Information makes for change. I was amused by a recent news report concerning trans-fats in foods. Once it became a requirement that the amount of trans-fats be reported on food packages along with other nutrition information, a funny thing happened: Manufacturers started removing trans-fats from their products.
If we knew, on an annual basis, where hospitals were closing and opening, and why, and what was happening to their communities as a result, we might be able to prevent calamities in the making and encourage positive developments. As it is, what policy there is seems to be driven by crisis, when it is announced that a critically needed facility is going under. All of a sudden, there is a flurry of activity and pronouncements and calls to the state capital and to Washington for aid, and disaster is averted. For a while. Until next time. As Sager puts it, “It’s policy by spasm, which is almost as intelligent as the twitch of the leg of a dead frog.”

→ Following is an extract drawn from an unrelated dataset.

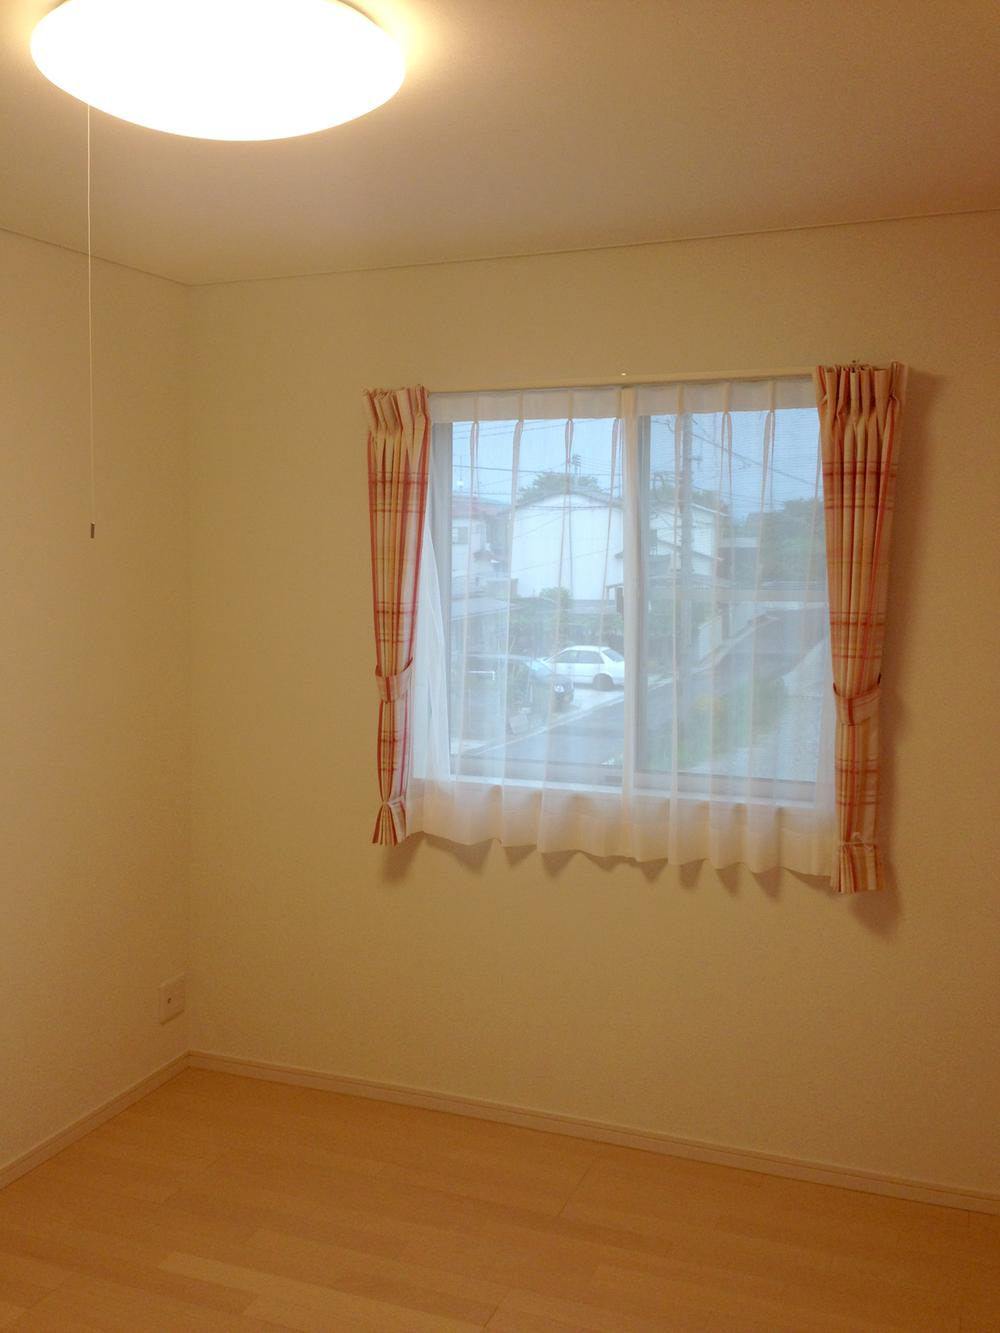 Non-living room. It has been carefully selected to all rooms, illumination ・ With curtain

“Closing hospitals,” says Sager, “is not policy or a substitute for policy.” Ignorance about what is happening is not policy, either. Refusing to collect or release data will not make a bad situation go away. Regardless of whether one favors competition or regulation in health care, or both, or neither, making important decisions while flying blind is unwise at best and destructive at worst.
The least we could do is keep track of what is being born and what has died so that we have a snapshot of what is happening to our hospitals--and to the communities they serve.